**What to work on:** Without any pictures, print the lines below from the one that has "1892 ceylon 10 cents.jpg" through the one that has "wardrobe, Bathroom in", exactly and nothing else.

**Records for this exercise:**
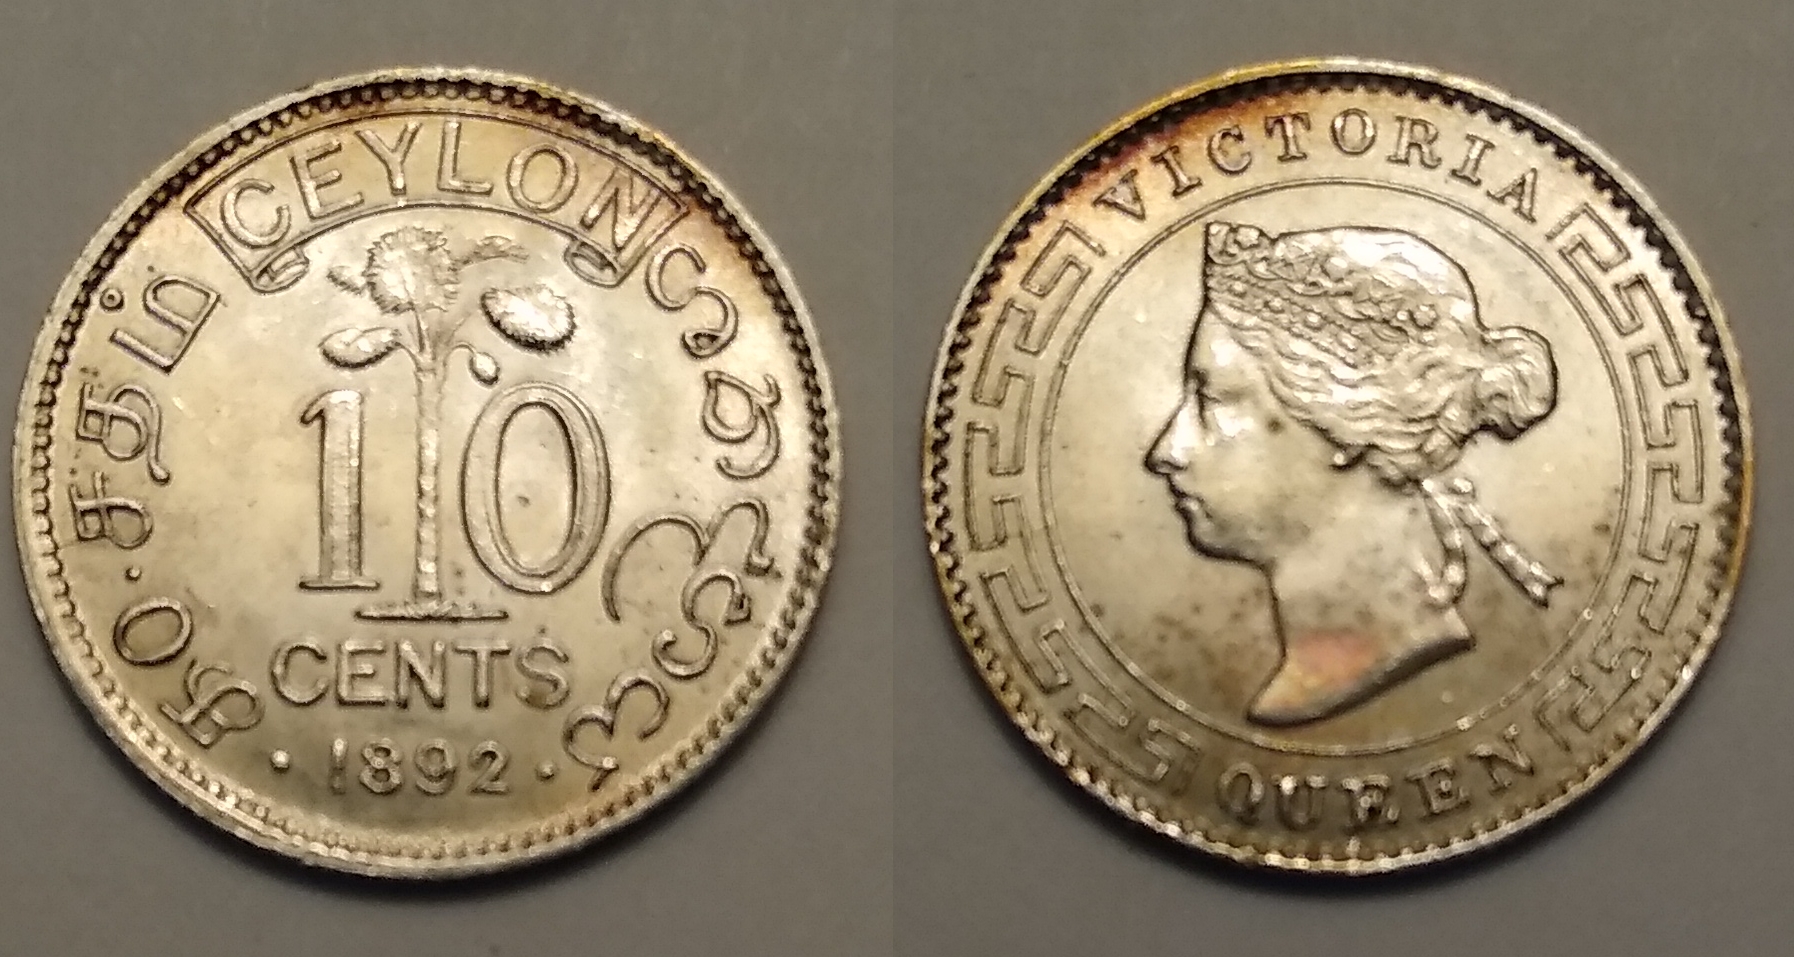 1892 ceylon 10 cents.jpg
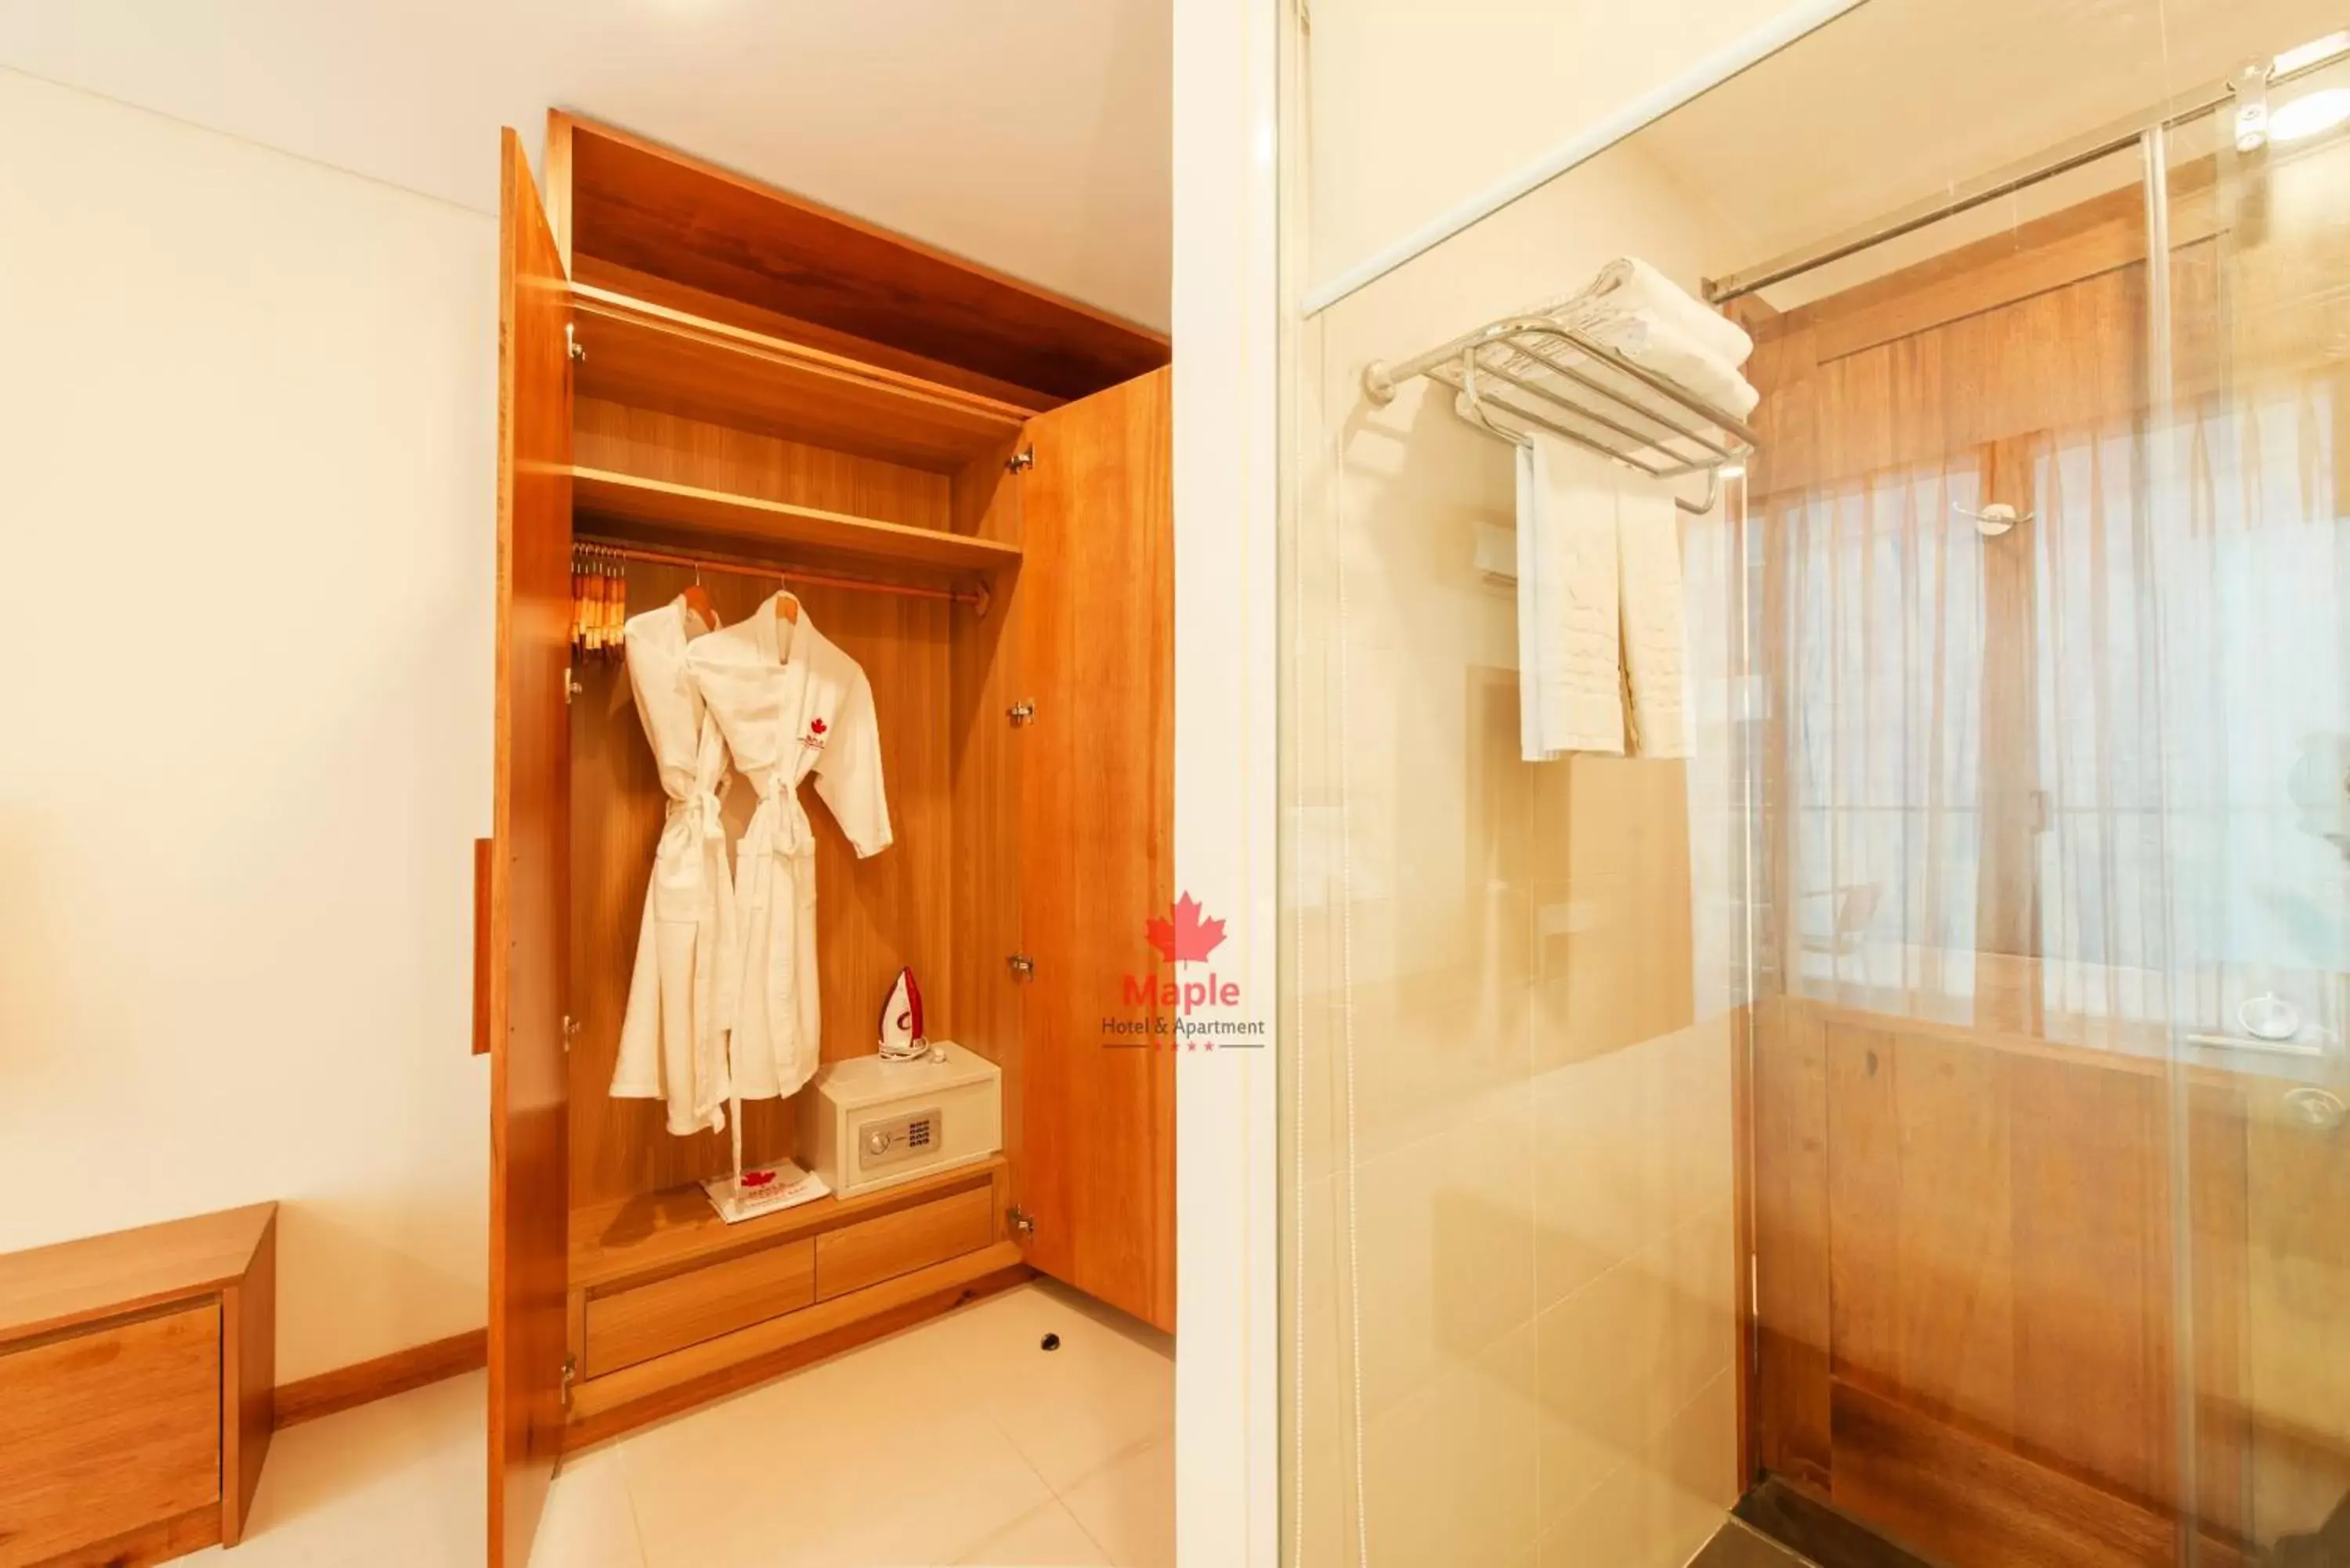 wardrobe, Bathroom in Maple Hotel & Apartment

--

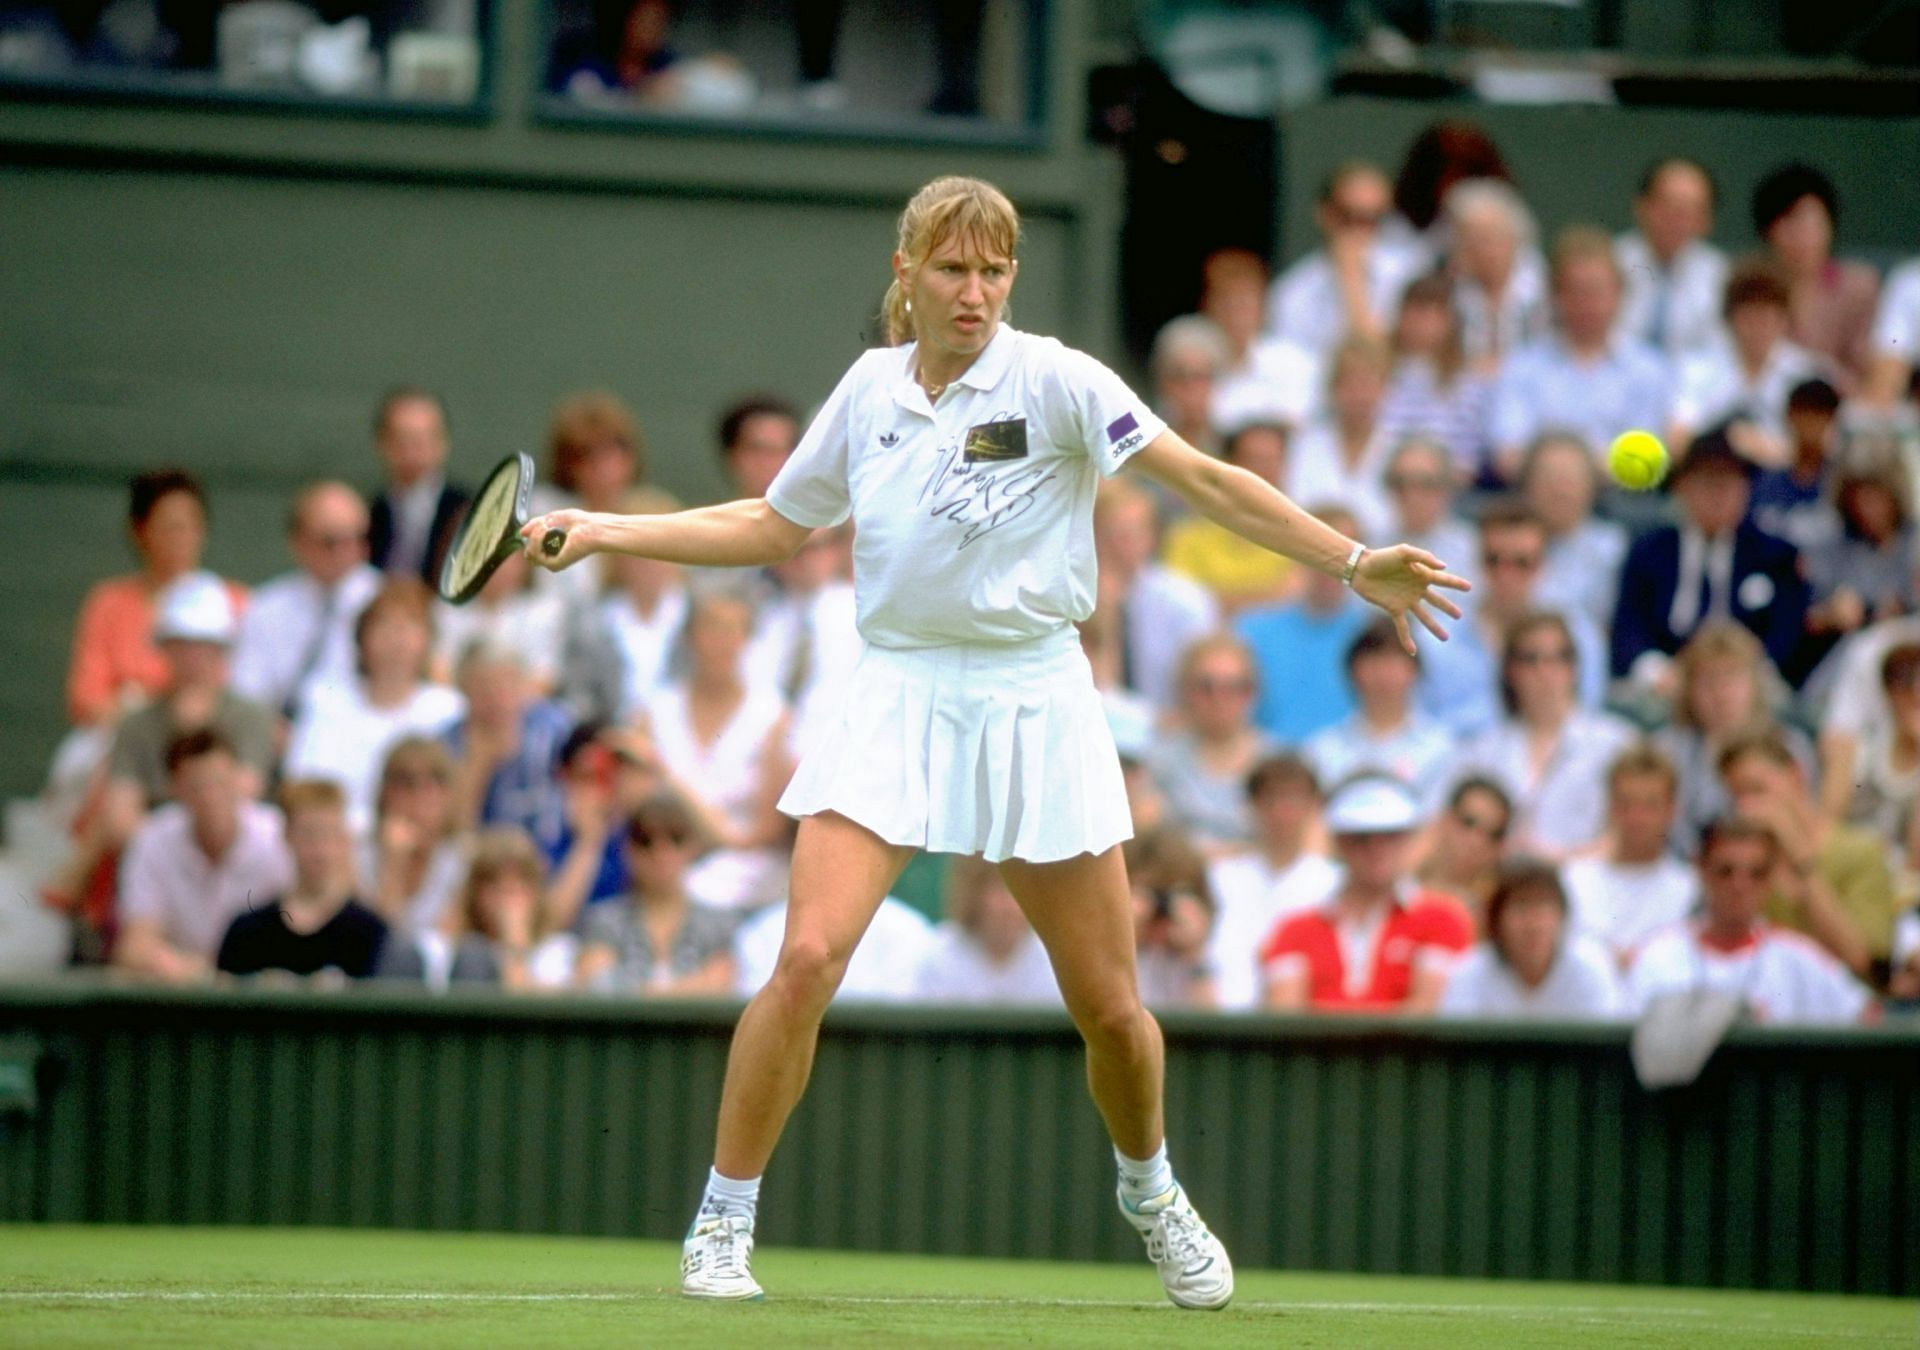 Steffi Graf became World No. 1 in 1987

...

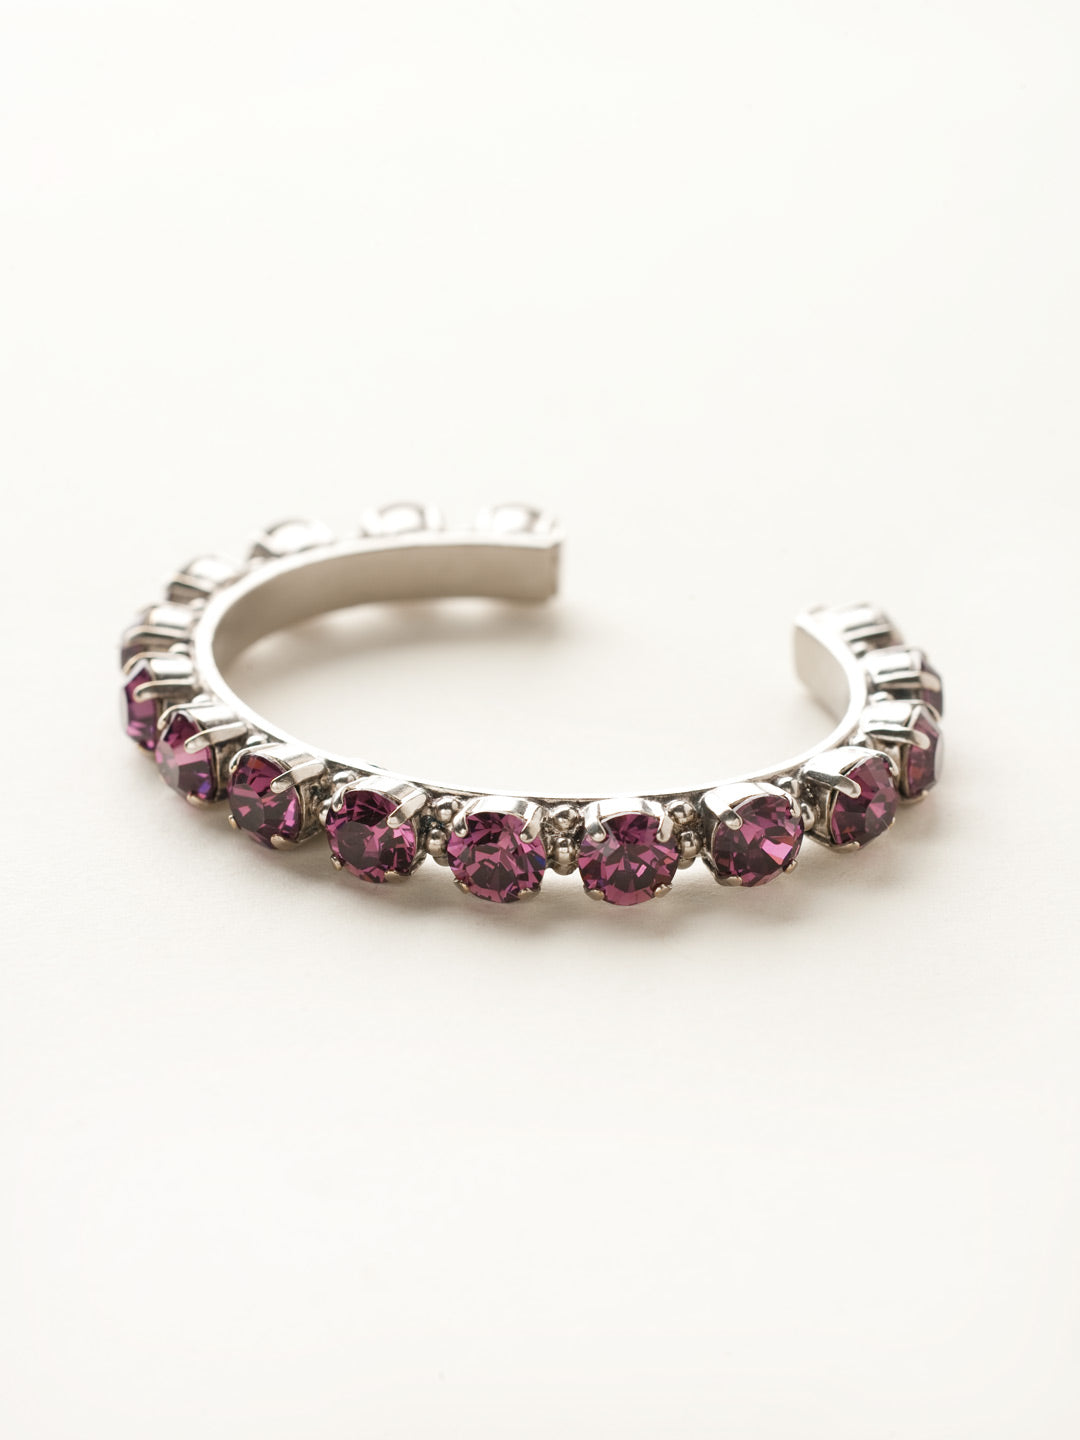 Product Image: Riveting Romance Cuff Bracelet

**Exercise result:**
 1892 ceylon 10 cents.jpg
 wardrobe, Bathroom in Maple Hotel & Apartment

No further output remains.